Antidiscrimination and harassment statutes were developed to ensure that organisations treat employees like human beings and not as property. Property mentality is the major cause of harassment in the workplace. Once people, especially those in power, begin to view their subordinates and the relationship between them in terms of property, that is where seeds of contempt are planted and discrimination and harassment become the order of the day. Organisations are very much like families, with leaders playing the role of parents and employees children. Just like children, employees emulate the actions of their leaders which can create a situation where there is runaway harassment ensuring that the work environment is hostile and untenable. It can further result in the unhealthy transfer of domestic roles by managers who might want to run their departments and indeed the organisation like they would their household; commanding and assuming to know what is best all the time. Possessiveness in the workplace is unhealthy and counterproductive as it makes employees feel bullied and pressured to do things that would rather not be doing in the first place. Harassment can also escalate into targeted character assassination and sanctioned stalking through structured work assignments and travel. 1986 was an exceptional year for the fight against workplace harassment with the establishment of the precedence to hold employers culpable in sexual harassment cases where sexual favours are a prerequisite for considerations and benefits. This principle came into effect during the case between Meritor Savings Bank versus Vinson.

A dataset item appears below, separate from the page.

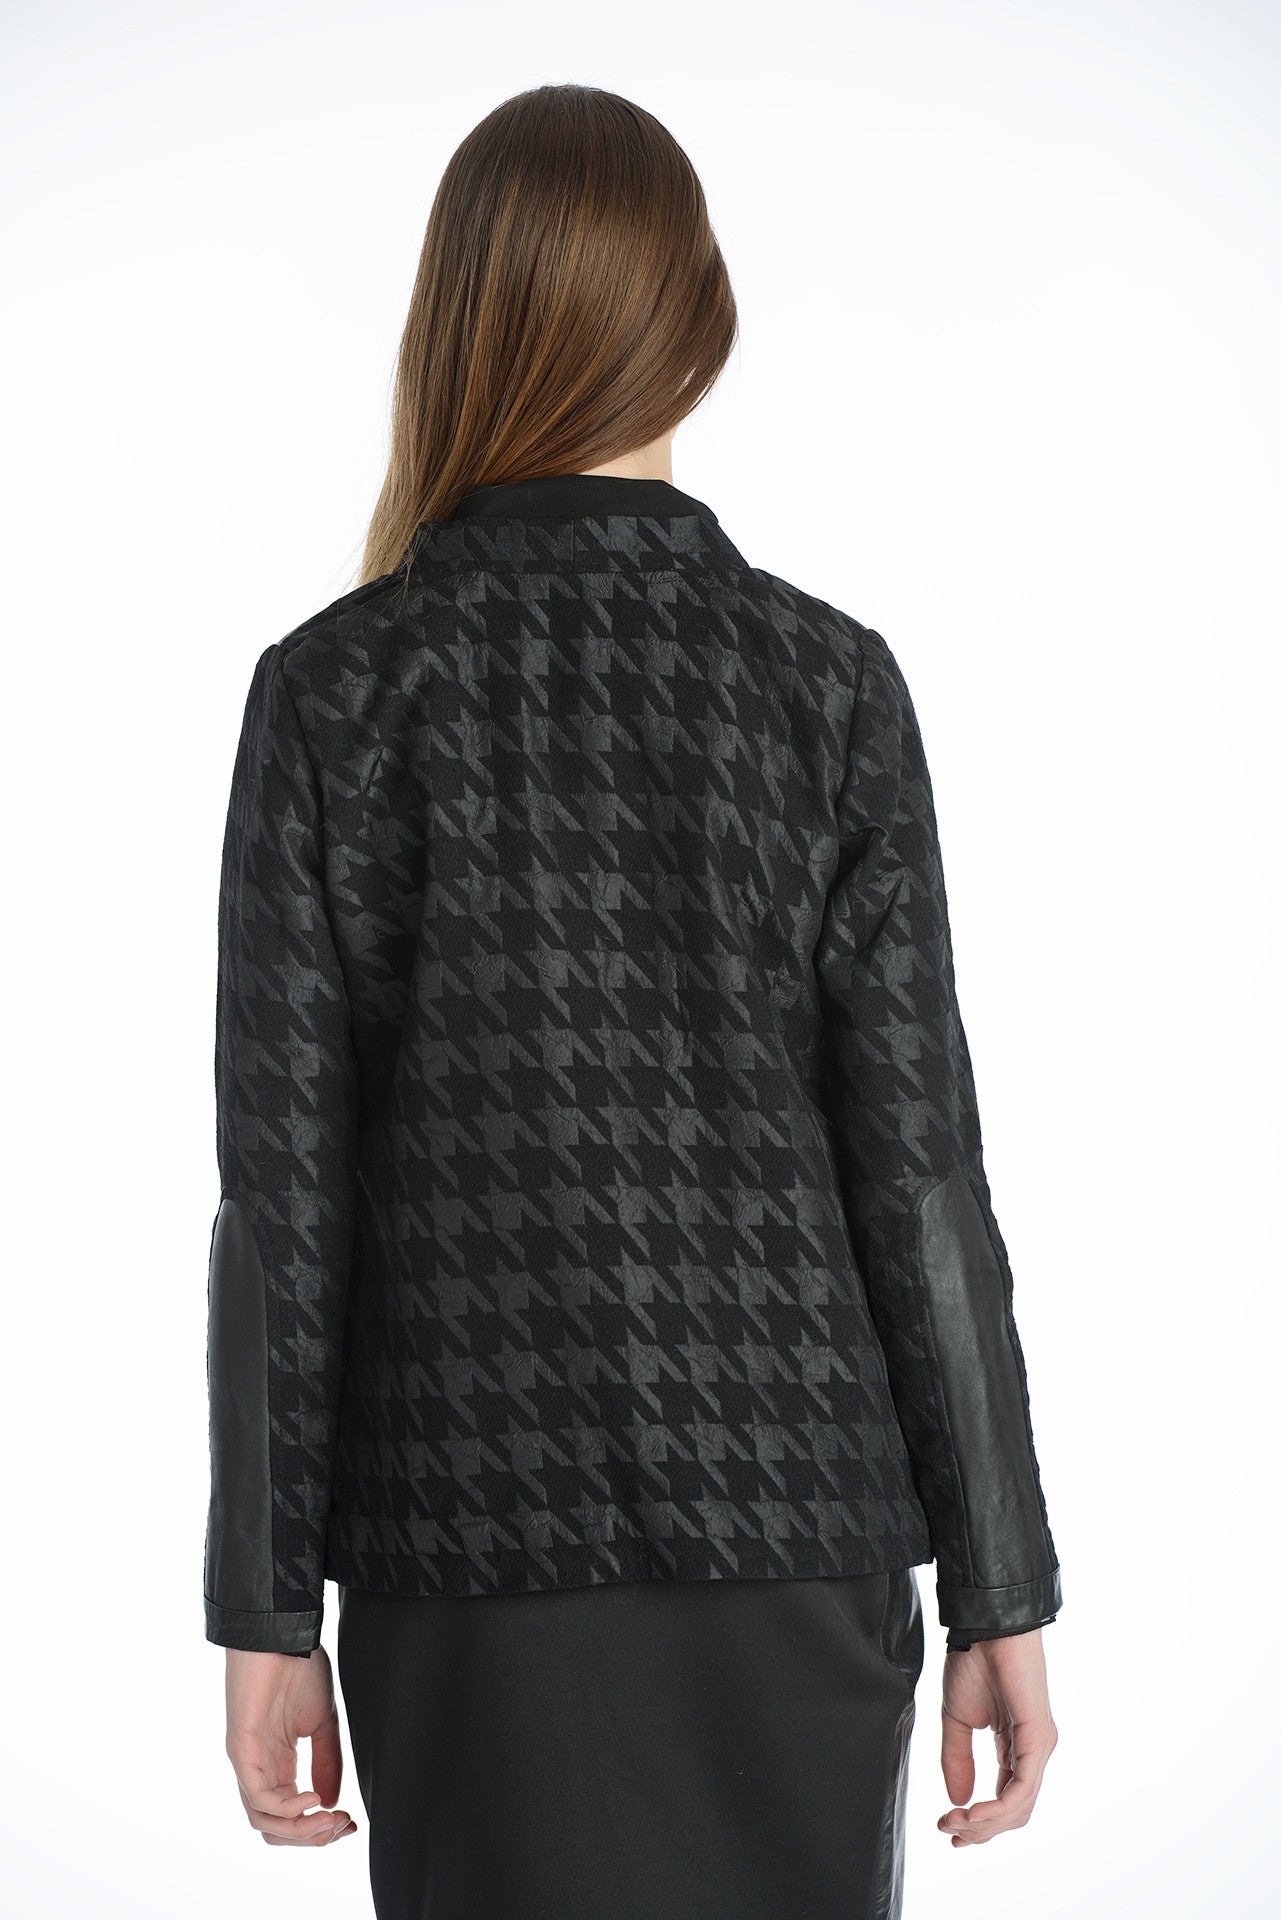 Leather and houndstooth suit jacket

Five years later, The Supreme Court ruled that any employer was culpable in the event that their employees were victims of sexual harassment even where no psychological harm is involved. Four elements were also added to the definition of the hostile work environment to avoid ambiguity. First, it does not include any quid pro quo; second, it increased its scope to cover employee-to-employee relations; third, employers would be held liable even if they were ignorant of the events or were not involved; last, the amount of damages awarded would be inversely proportional to the conscious development of preventive policies. These principles increased accountability by forcing institutions to ensure that they remained proactive in enhancing their workplace environments. They further allowed employees an increased bandwidth to identify and report workplace bullying by outlining six principles. First, the situation must feature a difference in power. Second, there must be proof of disregard for the individuality of a person. Third, others must have been able to come to the aid of the victim. Fourth, the bully must have actively prevented the victim from accessing processes and institutions for legal recourse. Fifth, there must be evidence of disregard for one’s property. Last, there must be evidence of disregard for a person’s rights.